Zelefsky et al. used competing risk regression analysis controlling for patient age, clinical stage, serum PSA level, biopsy Gleason score and year of treatment to show that RP was associated with a nearly 10% lower risk of progression to metastasis, and a lower cancer specific mortality as compared with EBRT in 409 men with high-risk prostate cancer.[15] Tewari et al. showed in 453 men with Gleason 8 disease that after a median follow up of over 4 years that the risk of cancer-specific death was 13.4% in those that had RP, 16.8% for RT and 43% for observation.[14] In another study of 528 men with high-risk disease, Albertsen et al. showed that after adjusting for pretreatment Gleason score, PSA, clinical stage, age at diagnosis and comorbidities, the 10-year cancer-specific survival was 90%, 80%, and 70% for surgery, radiation and observation, respectively.[18]

Boorjian et al. reported a retrospective analysis of RP versus RT on high-risk men from the Mayo Clinic. After a median follow up of 10 years for RP (n = 1238) and 6 years for EBRT plus ADT (n = 609), no difference in 10-year disease progression or CSS rates was observed. However, RP had better OS rates (77%) compared with men treated by EBRT and ADT (62%) or EBRT alone (52%). Whether this effect on OS was a result of patient selection or the effects of ADT is unknown.

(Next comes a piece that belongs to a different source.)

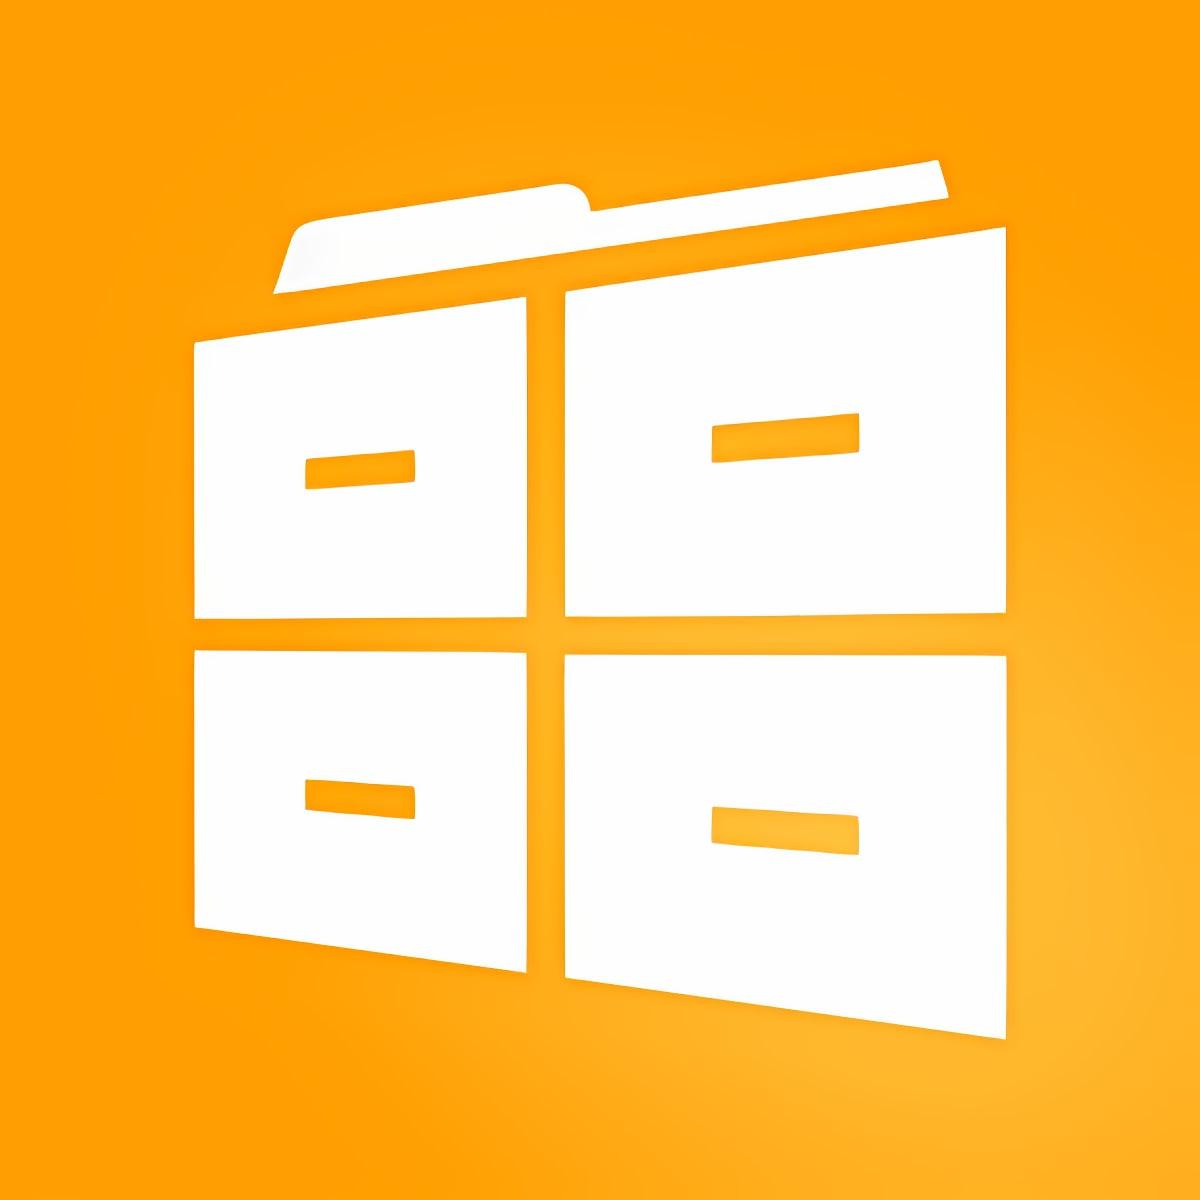 Aerize Explorer for Windows 10 8.1.0.528

In contrast, a study by Grimm et al. using strict criteria for study inclusion, which meant including just 17% of 848 papers identified regarding treatment for prostate cancer, found that combination regimens of ADT, EBRT and brachytherapy had higher PSA progression-free survival than surgery, EBRT or brachytherapy alone for high-risk patients.[20] However, the far more important measures of cancer-specific and overall survival were not assessed.

The only published prospective randomized trial is a multicenter Japanese study in a small number of men (n = 95) with high-risk disease treated with neoadjuvant diethylstilboestrol and then randomized to RP (n = 46) or RT (n = 49). After a median follow up of 8.5 years, there was no significant difference between biochemical relapse, clinical progression or CSS. However, it must be recognized that the RT group received no adjuvant ADT and were treated with 40–50 Gy to the pelvis followed by a 20-Gy boost to the prostate, both of which would be considered suboptimal by today's standards.[22]

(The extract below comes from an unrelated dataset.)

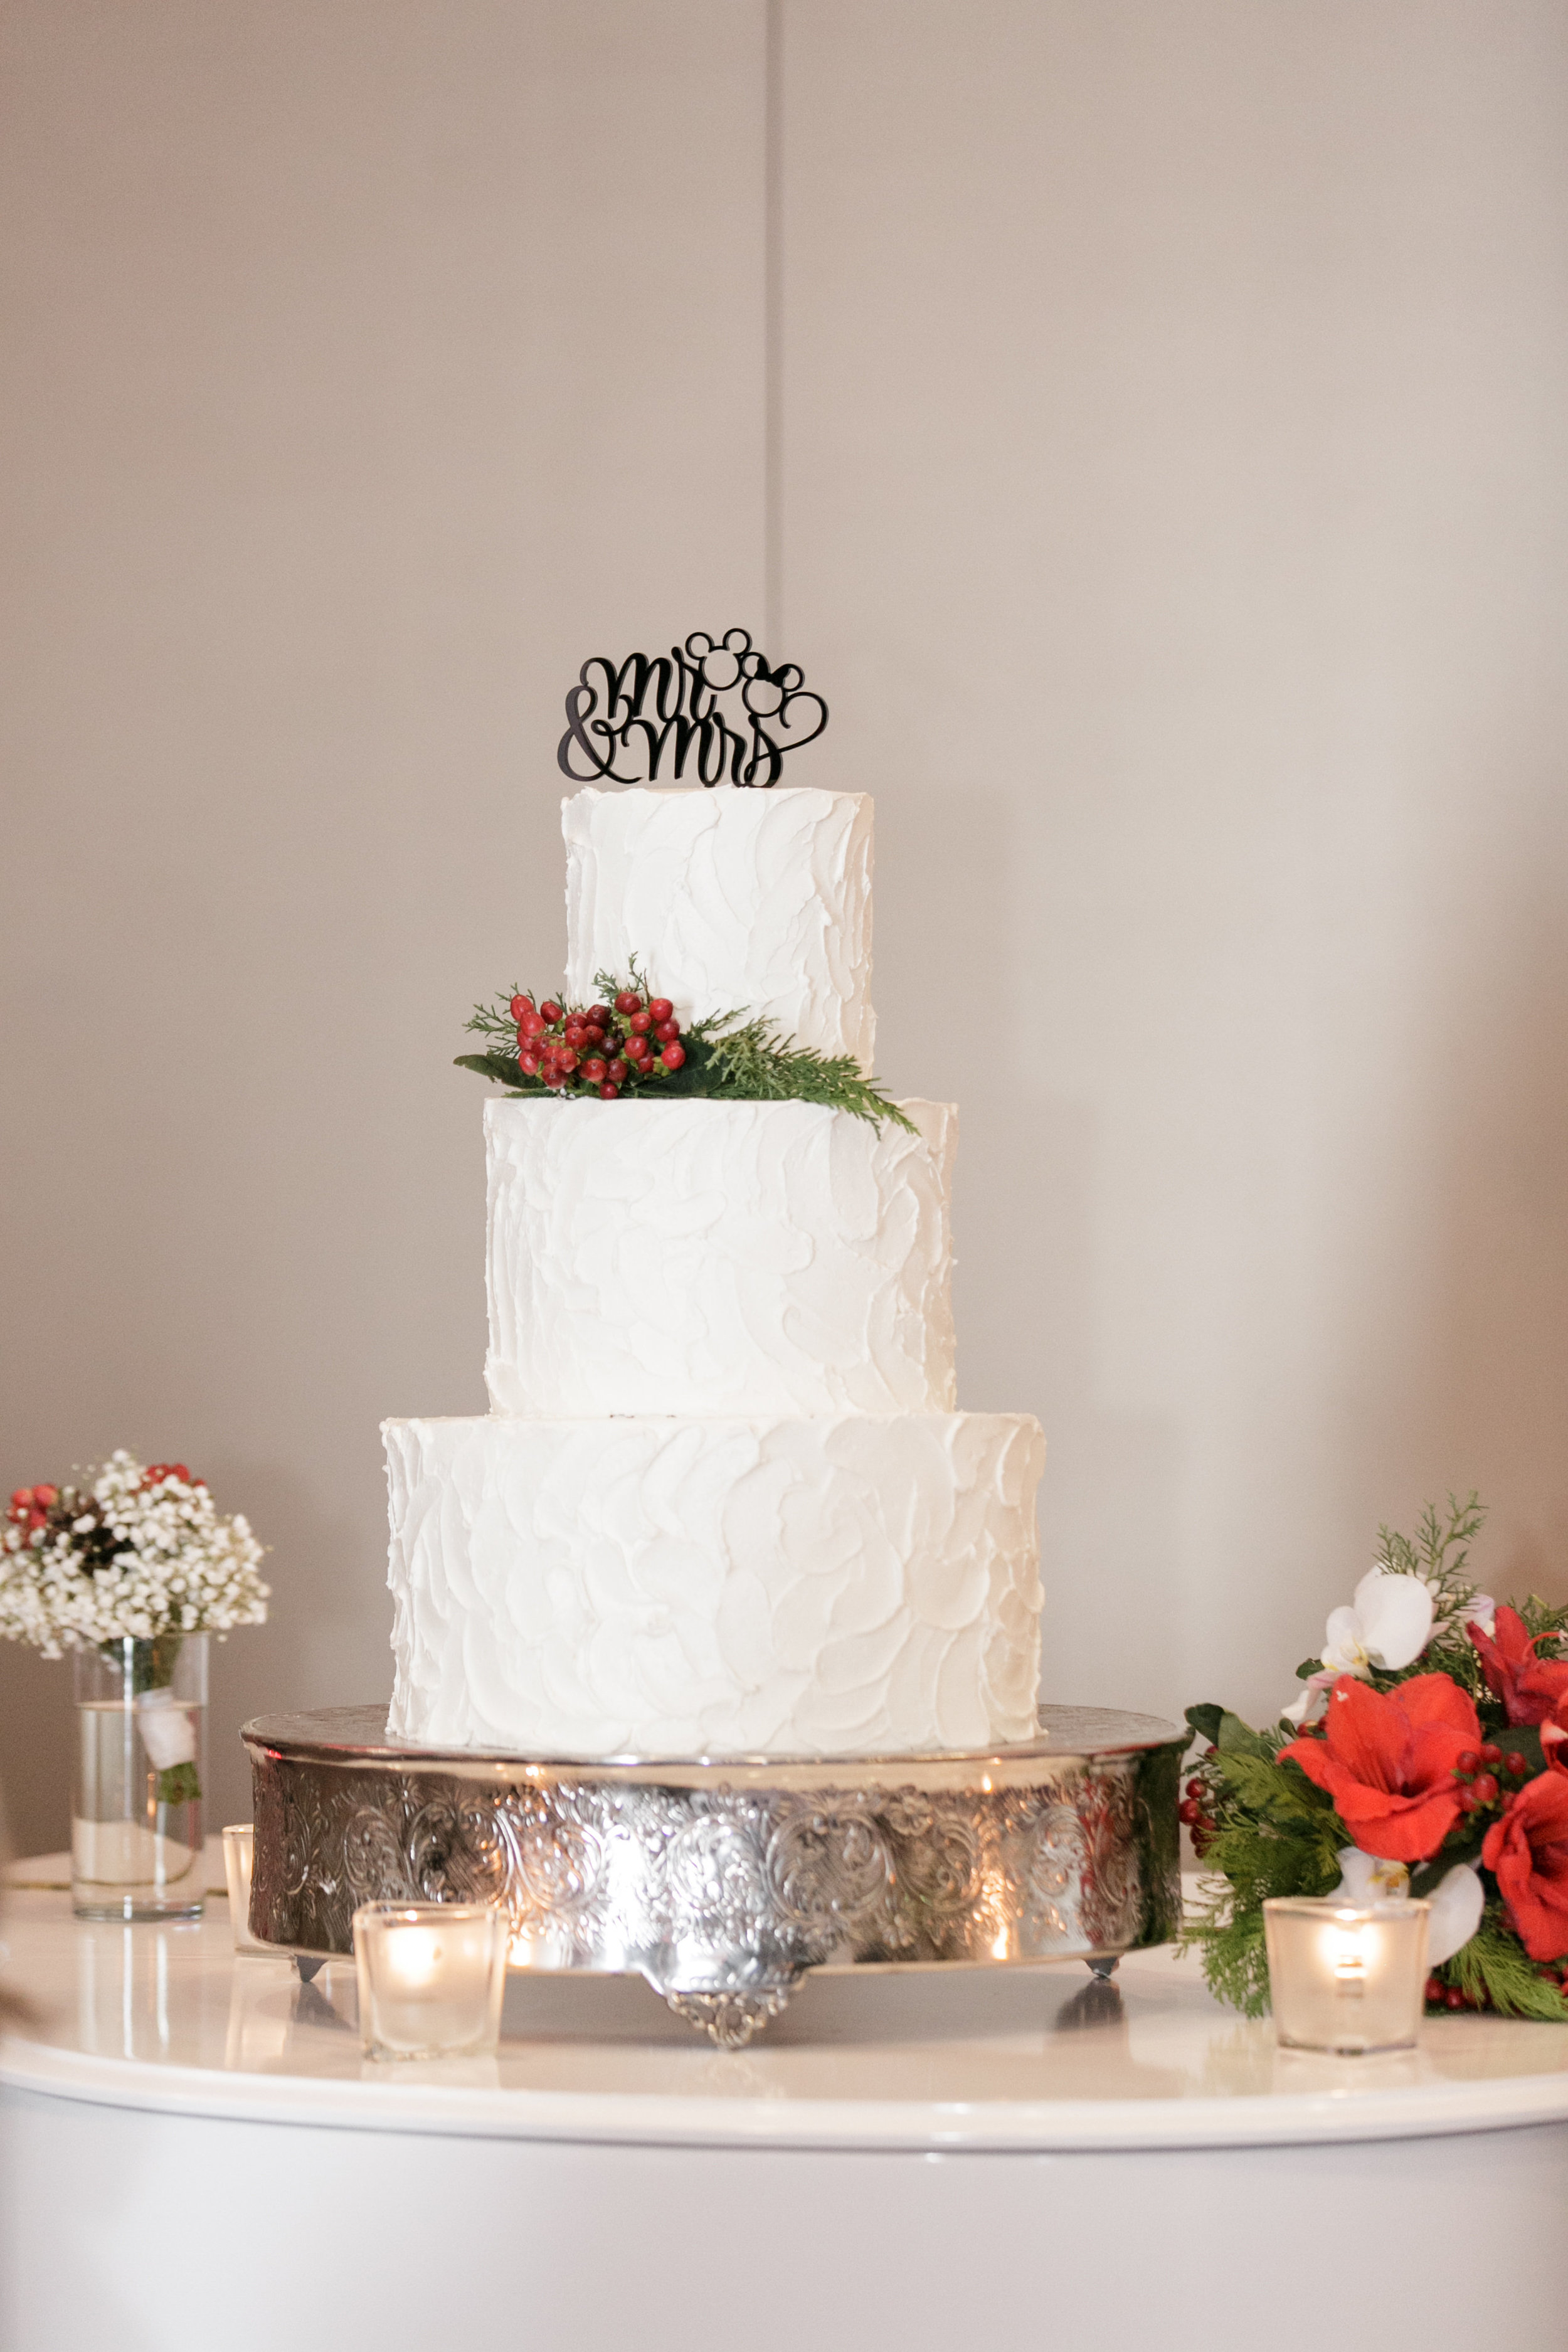 Bluegrass Chic - Christmas Wedding Cake

All these retrospective analyses have incalculable confounders related to different definitions of high-risk prostate cancer, non-randomized and heterogeneous patient populations, non-uniform outcome measures, limited patient numbers, and different treatment regimens (particularly pertinent to the evolution of EBRT regimes). These studies highlight the need for randomized trials to determine whether men with high-risk prostate cancer are better served with surgery, or conversely, have unfavorable results attributed to RT been a result of selection bias with surgery reserved for men in better health.[12, 23]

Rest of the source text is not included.